Give the listing again character for character, but drop the images.

[Data segment — start]

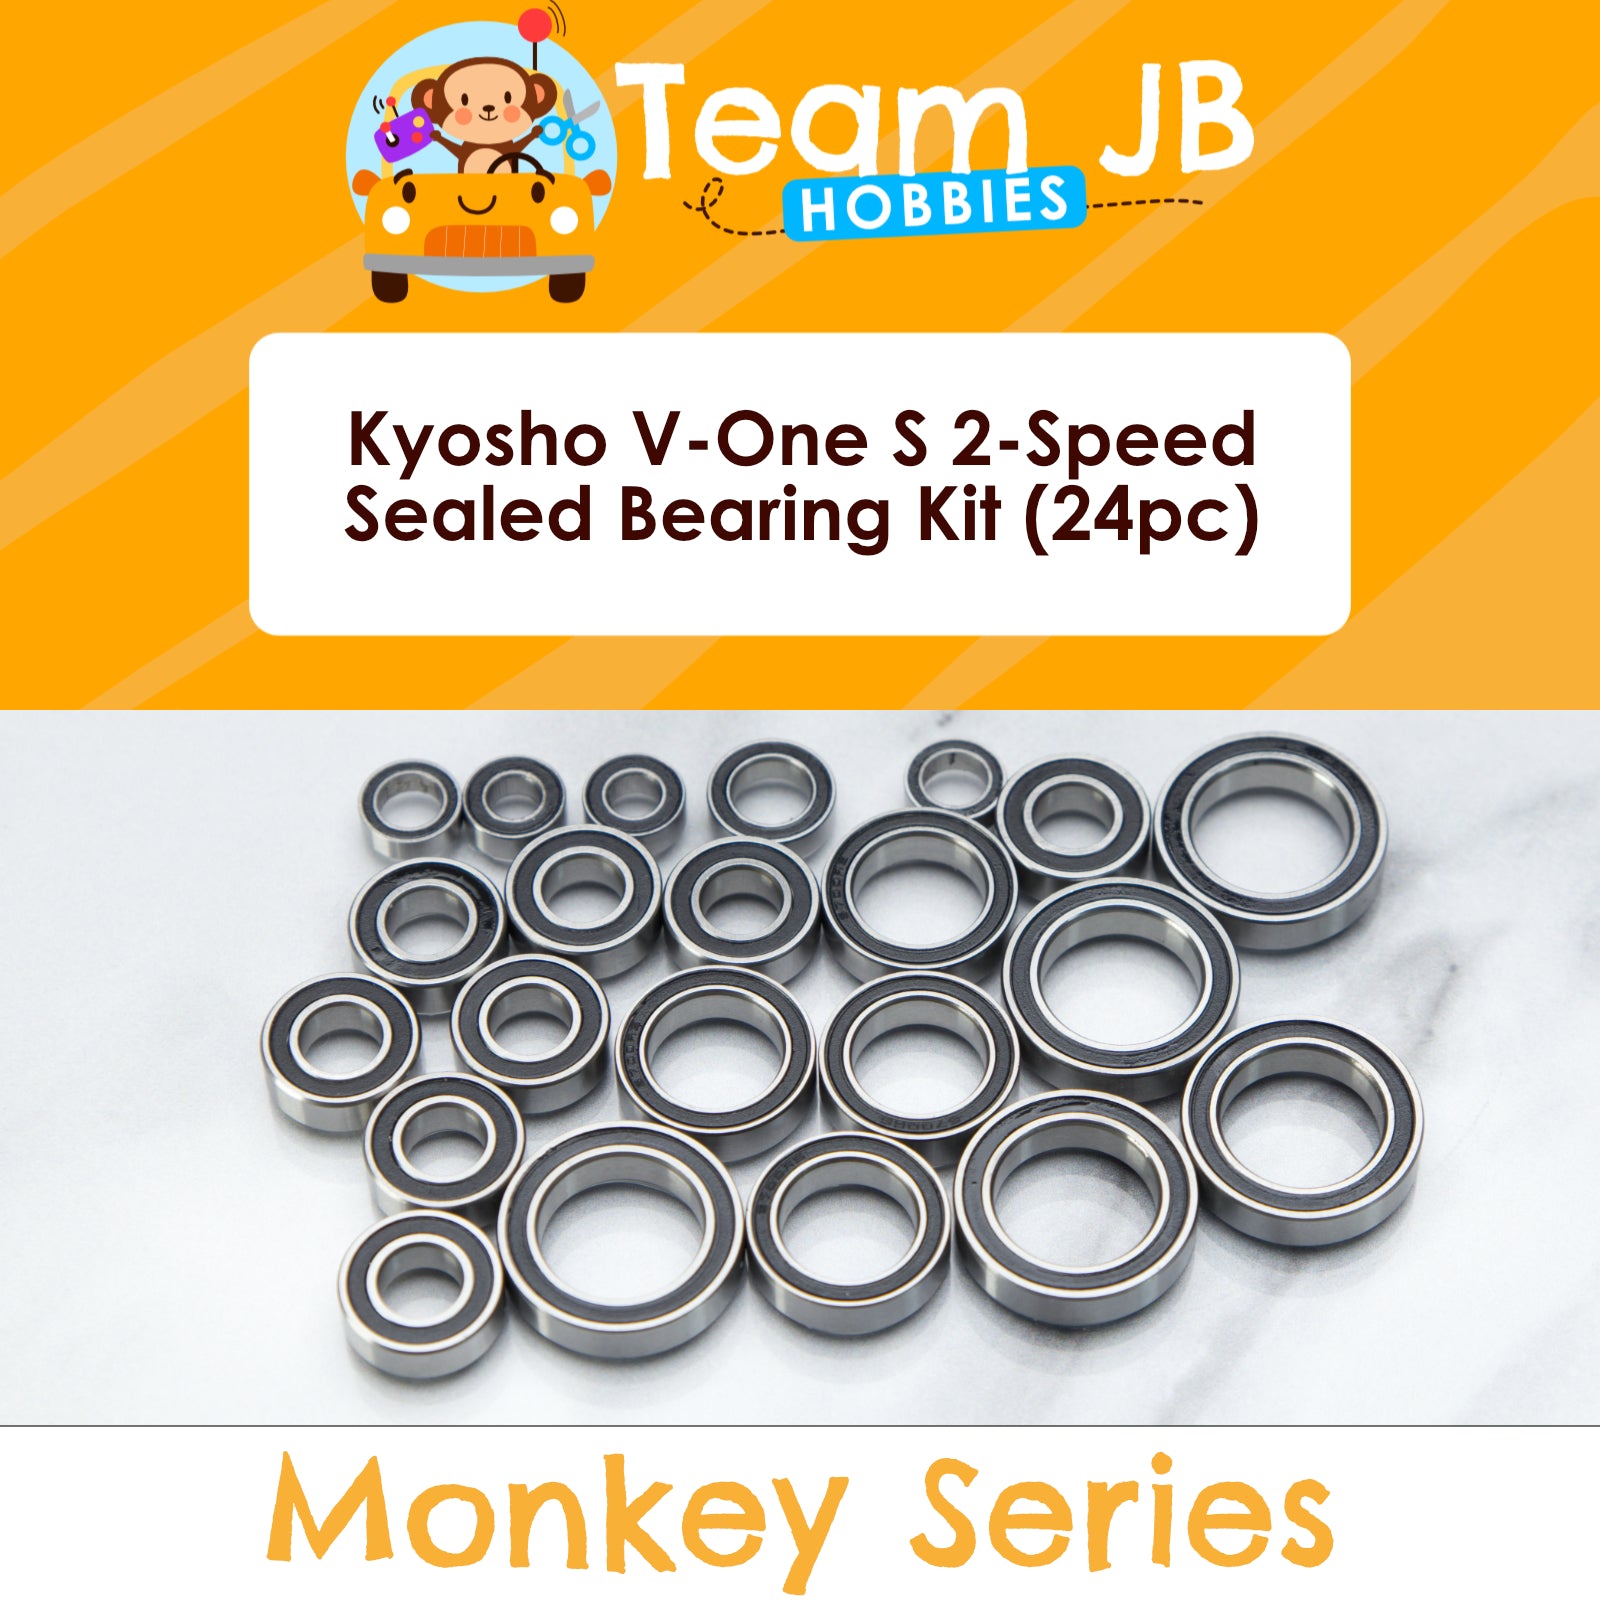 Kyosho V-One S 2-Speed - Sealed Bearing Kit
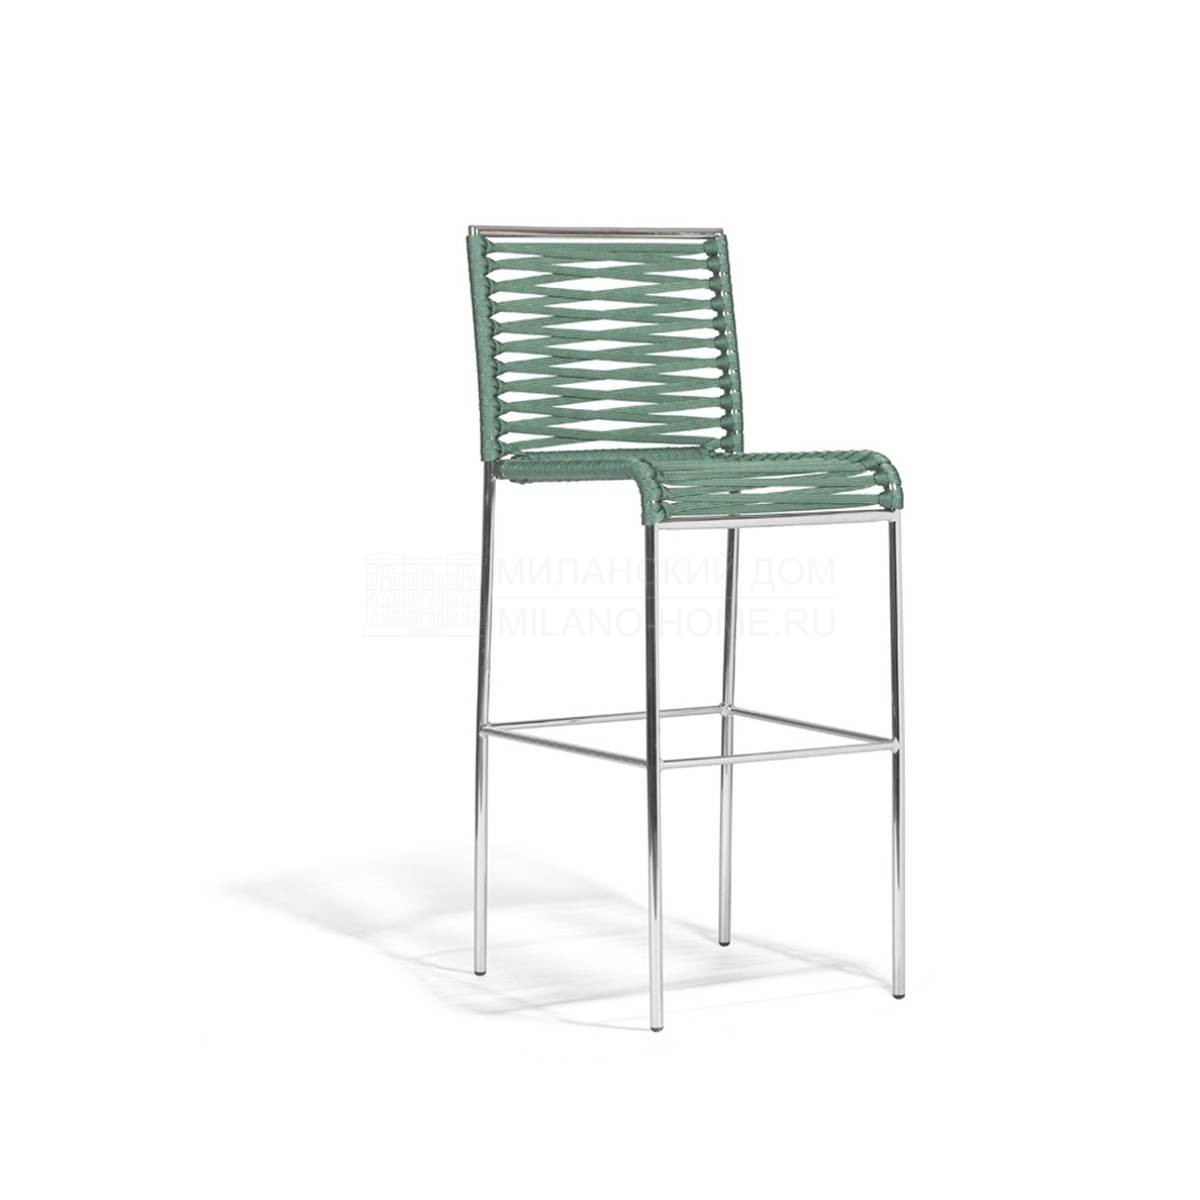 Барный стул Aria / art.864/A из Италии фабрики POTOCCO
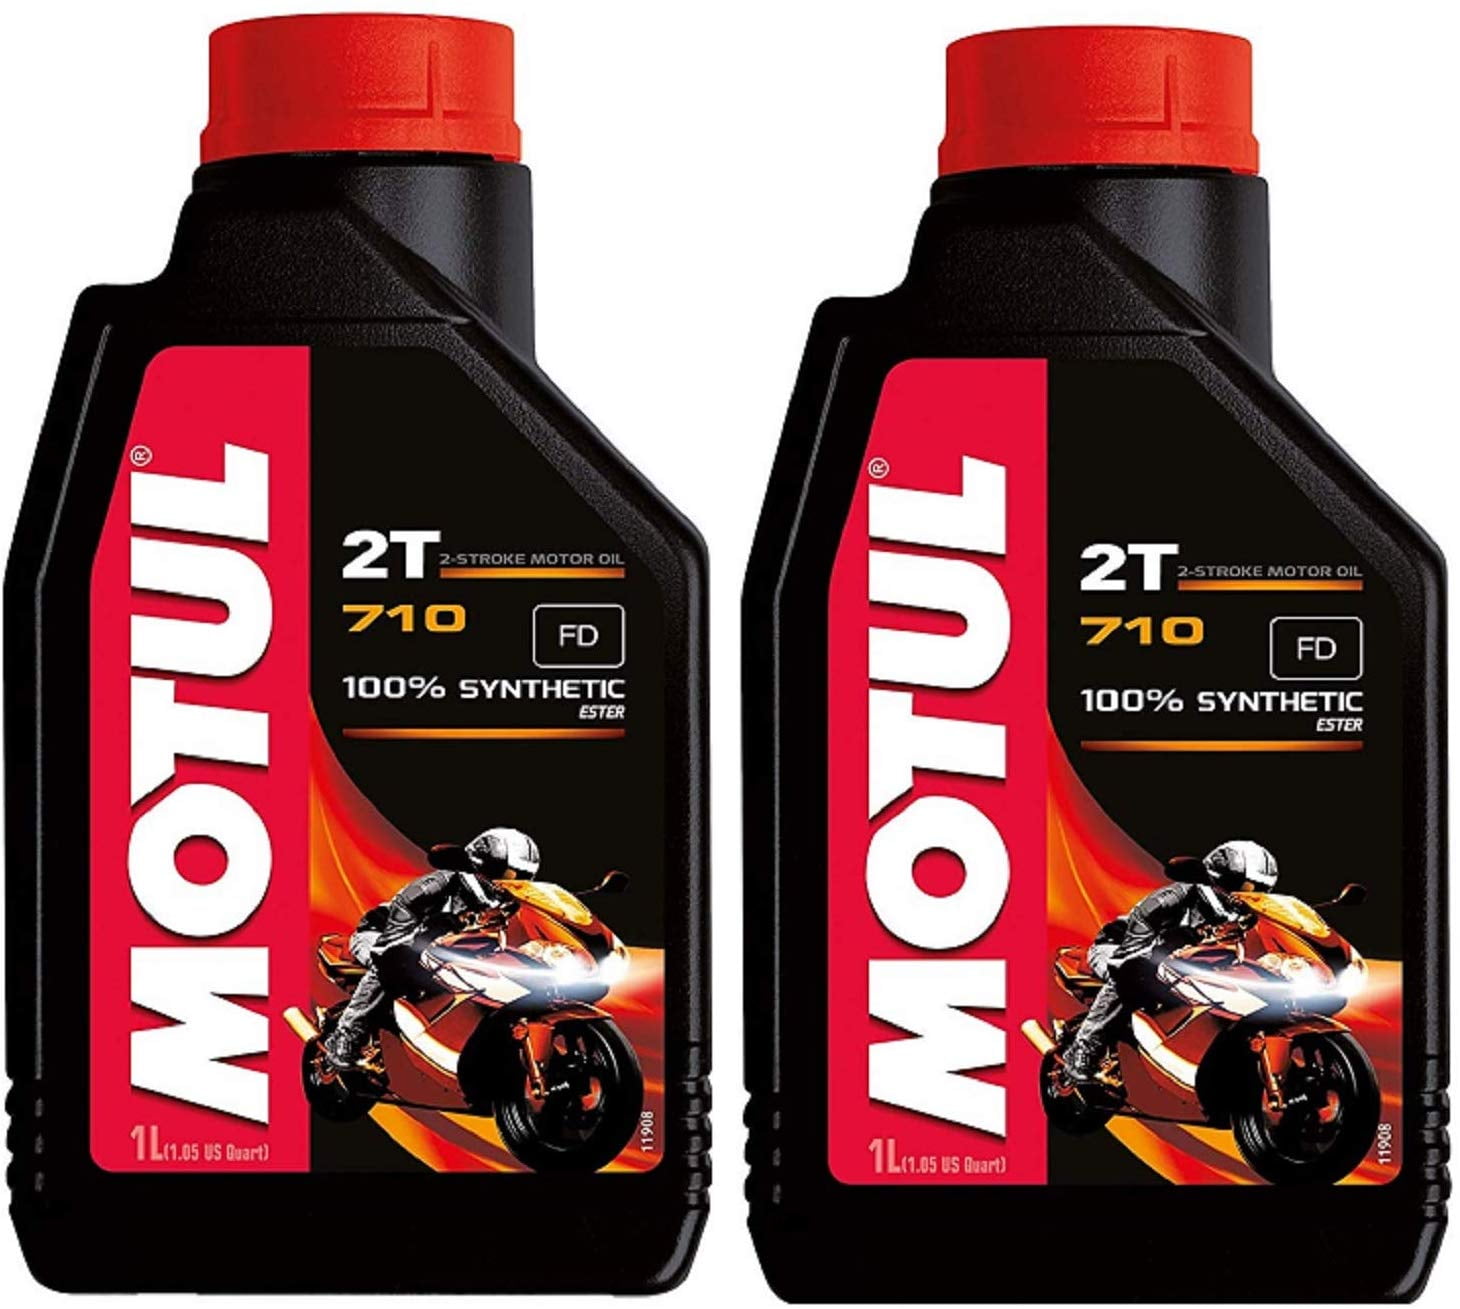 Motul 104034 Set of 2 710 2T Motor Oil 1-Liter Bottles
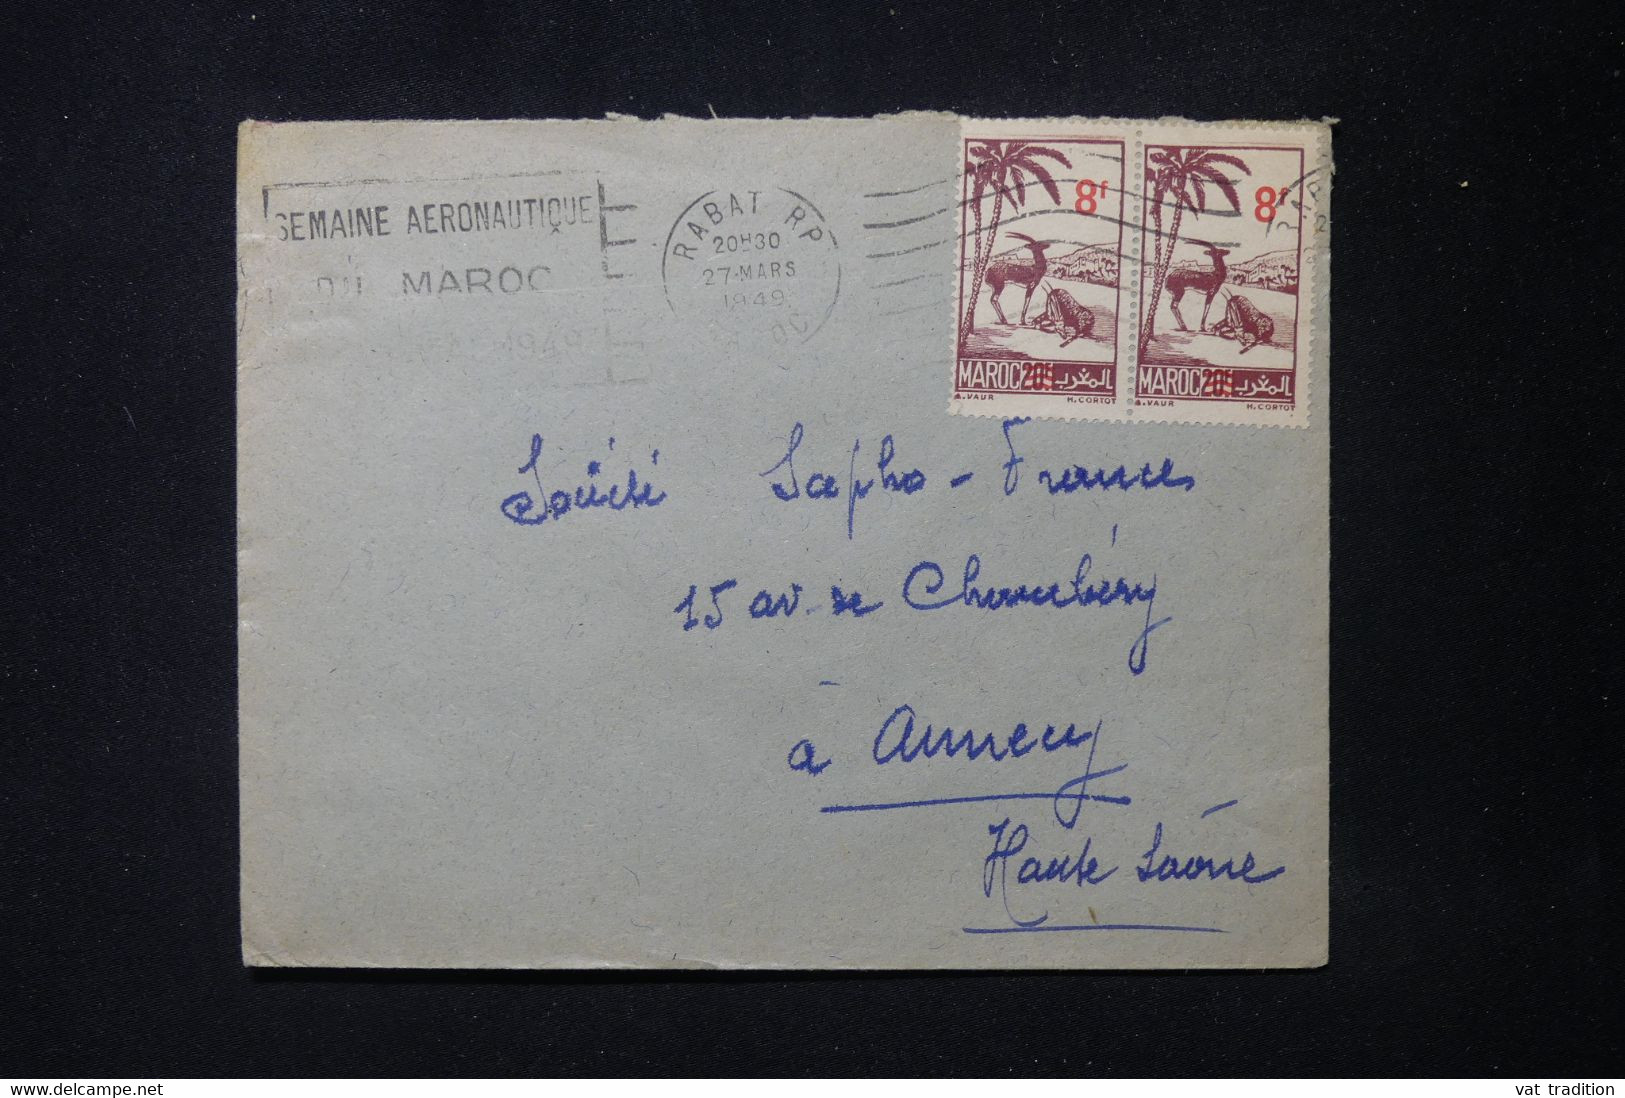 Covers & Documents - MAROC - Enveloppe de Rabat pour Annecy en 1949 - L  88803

[Data segment — finish]

## Written response:
 Kyosho V-One S 2-Speed - Sealed Bearing Kit
 Барный стул Aria / art.864/A из Италии фабрики POTOCCO
 Motul 104034 Set of 2 710 2T Motor Oil 1-Liter Bottles
 Covers & Documents - MAROC - Enveloppe de Rabat pour Annecy en 1949 - L  88803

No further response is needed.